Еще несчастный случай! В час пополудни прибегает Снэтчер (одна из трех лошадей, которые возят припасы для склада), один, с порванной постромкой, болтающимися санями, весь в мыле. Сорок минут спустя является его погонщик, Э. Эванс, почти такой же разгоряченный; одновременно с ним прибывает Уилсон со своей лошадью, Нобби, но из их слов нельзя понять, что именно случилось. Он сказал, что после того как сани были разгружены, Боуэрс держал всех лошадей, по-видимому, спокойных; вдруг одна вскинула голову, и все удрали – Снэтчер по прямой линии домой, Нобби по направлению к Западным горам, Виктор, со все еще цепляющимся за него Боуэрсом, неизвестно в какую сторону. Пробежав две мили, Уилсон обогнал Нобби и загнал его домой.

Через полчаса после возвращения Уилсона пришел и Боуэрс с Виктором, измученным, с окровавленным носом, кусок которого повис, почти оторванный. Сам Боуэрс был весь в крови, и от него мы узнали разгадку – причину всей суматохи. Лошади стояли довольно спокойно, как вдруг Виктор, тряхнув головой, зацепил ноздрей за крючок для прикрепления возжи на хомуте Снэтчера и оборвал себе об него кожу и мясо, и, конечно, отбился от рук.

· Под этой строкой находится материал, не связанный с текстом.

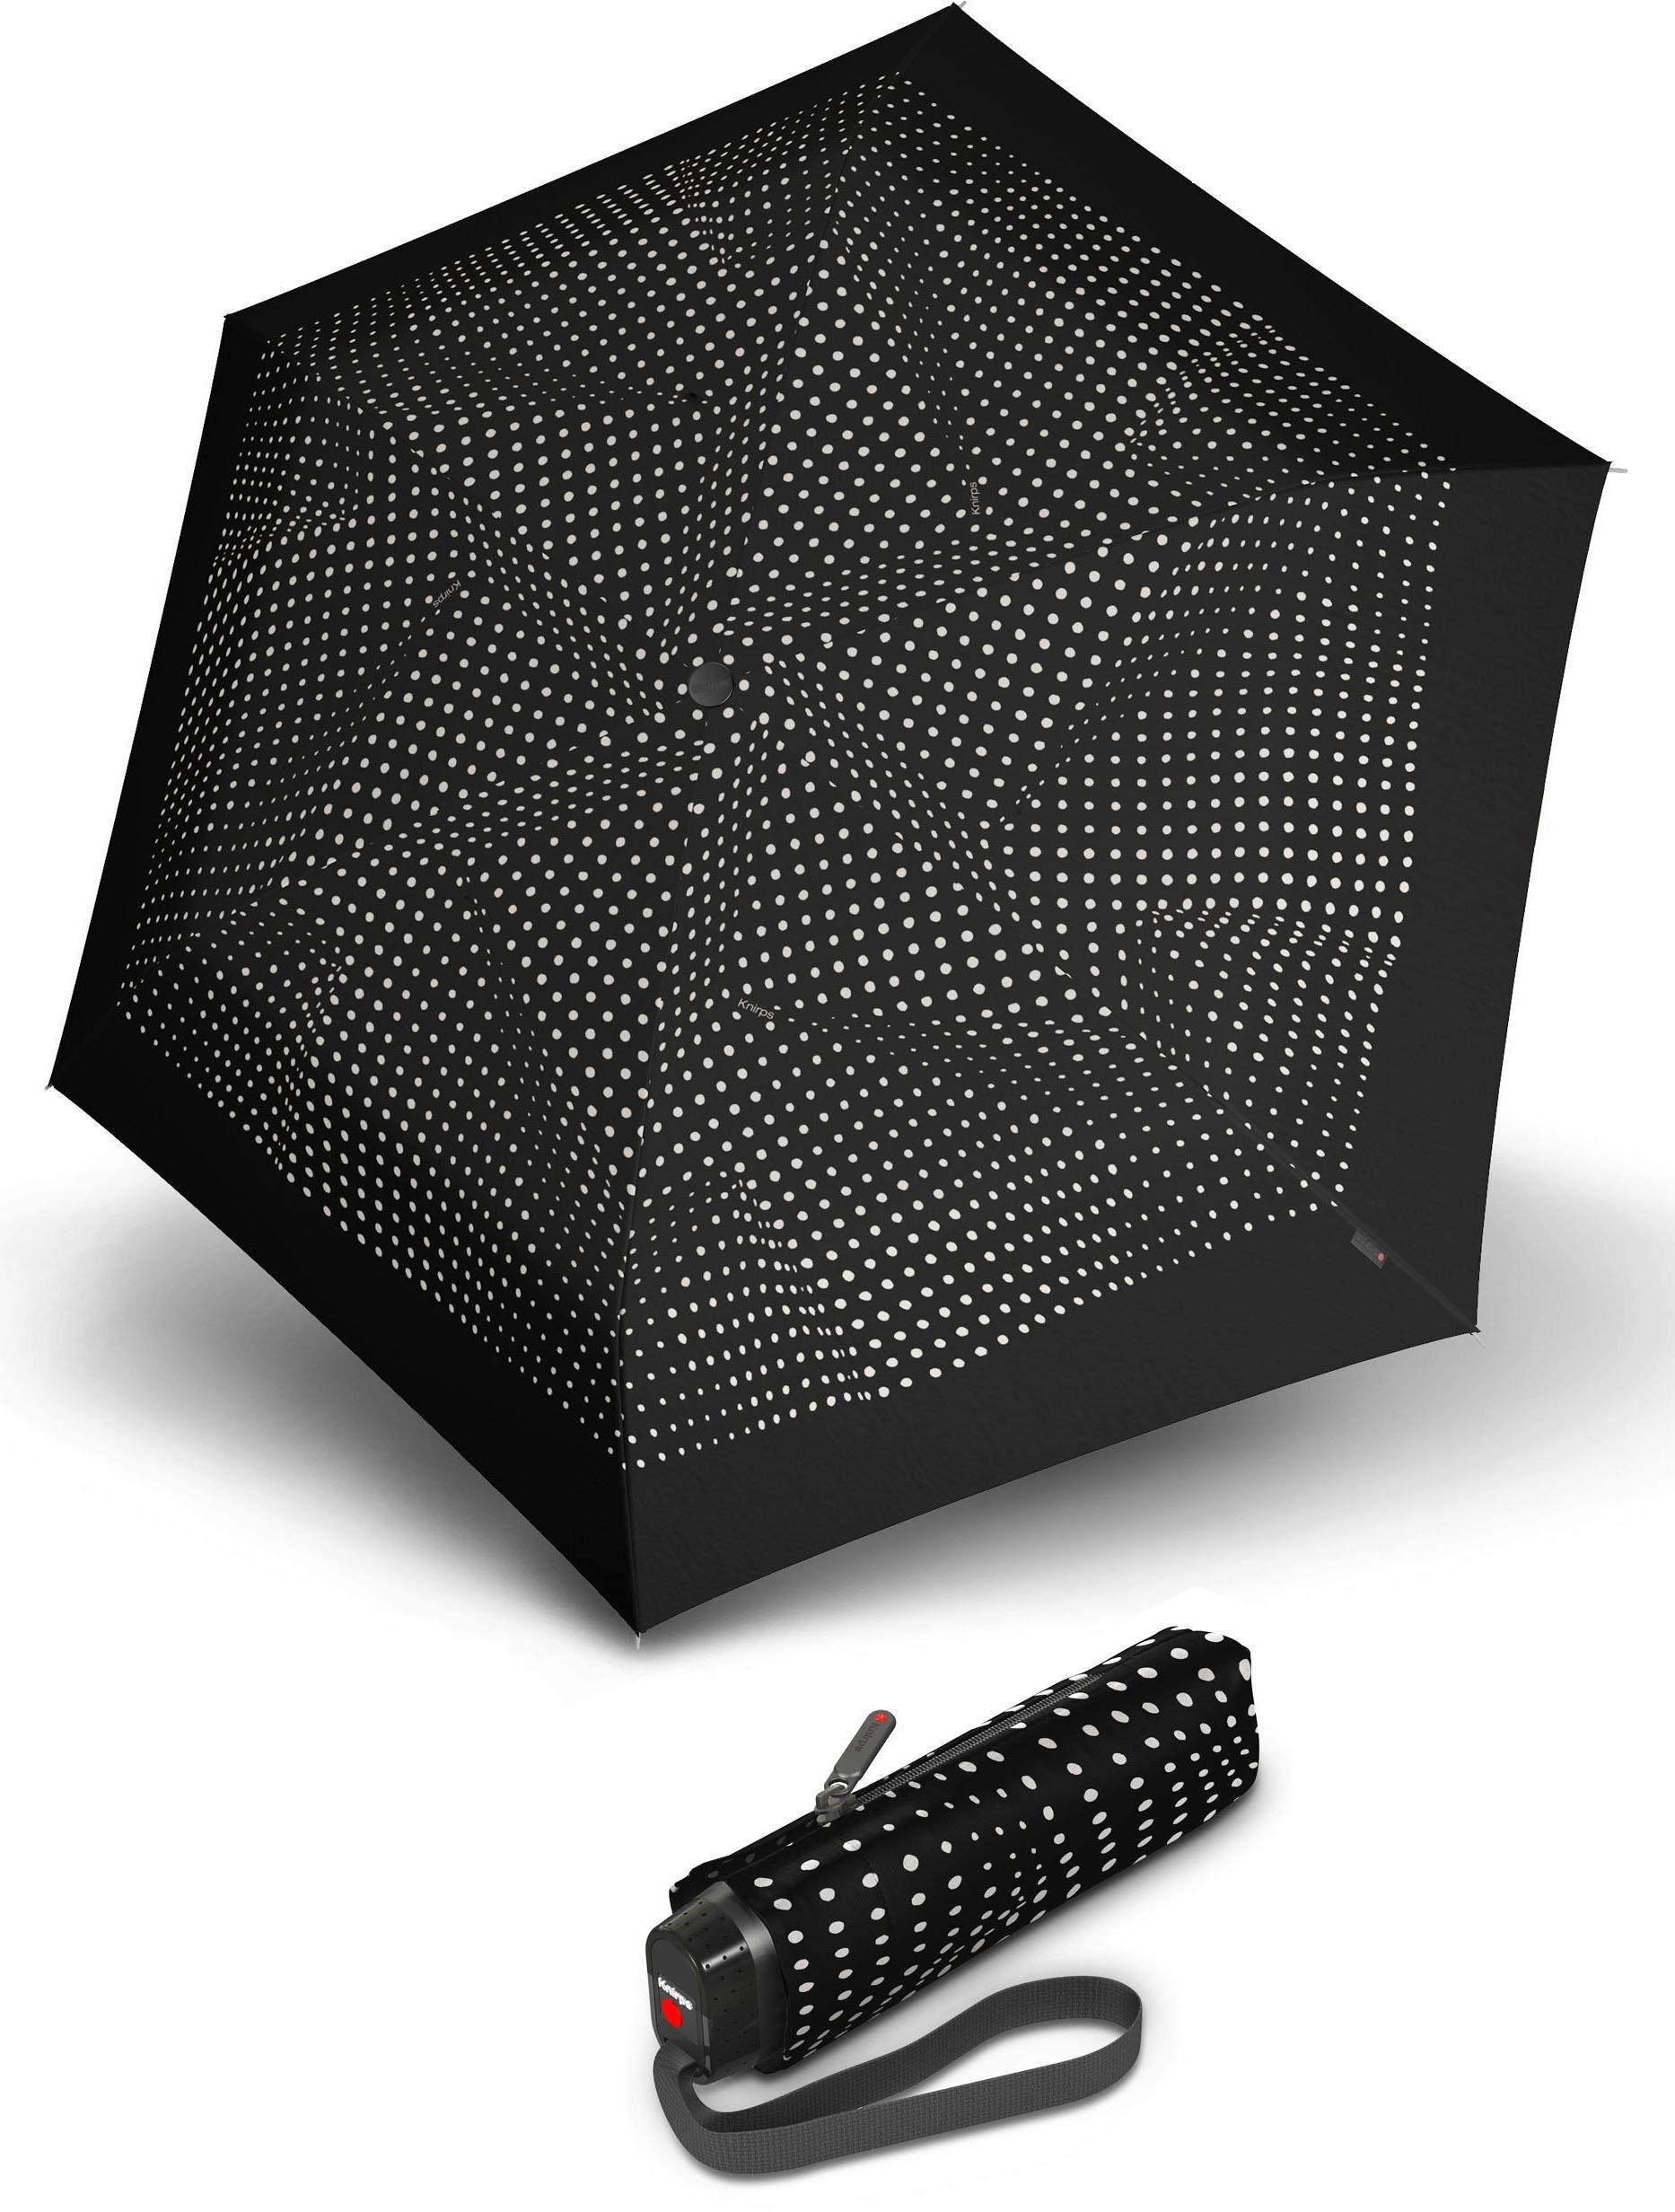 Knirps® Regenschirm - Taschenschirm, »TS.010 Slim Small Manual bolero black/ecru«

Боуэрс его не выпустил, но никак не мог удержать других двух.

Виктор потерял много крови, которая, обмерзая на оторванной коже, не только придавала ране ужасный вид, но значительно увеличивала ее раздражительность. Не понимаю, как Боуэрс ухитрился не выпускать из рук испуганное животное; не думаю, чтобы кто-либо другой был на это способен. Тяжесть, повисшая у бедняжки на носу, раскачивалась на ходу и еще более приводила его в исступление; пришлось несколько раз останавливать его. Теперь, когда кусок кожи отрезан, оказывается, что рана не такая серьезная, как на вид казалось. Лошадь еще дрожит, но ест; это добрый знак. Не знаю, почему подобные волнения приключаются непременно по воскресеньям.

Из этого случая выводим два урока: во-первых, как бы смирно ни вело себя животное, его погонщик никогда не должен от него отходить – все-таки риск; во-вторых, надо изменить форму крючков на хомутах.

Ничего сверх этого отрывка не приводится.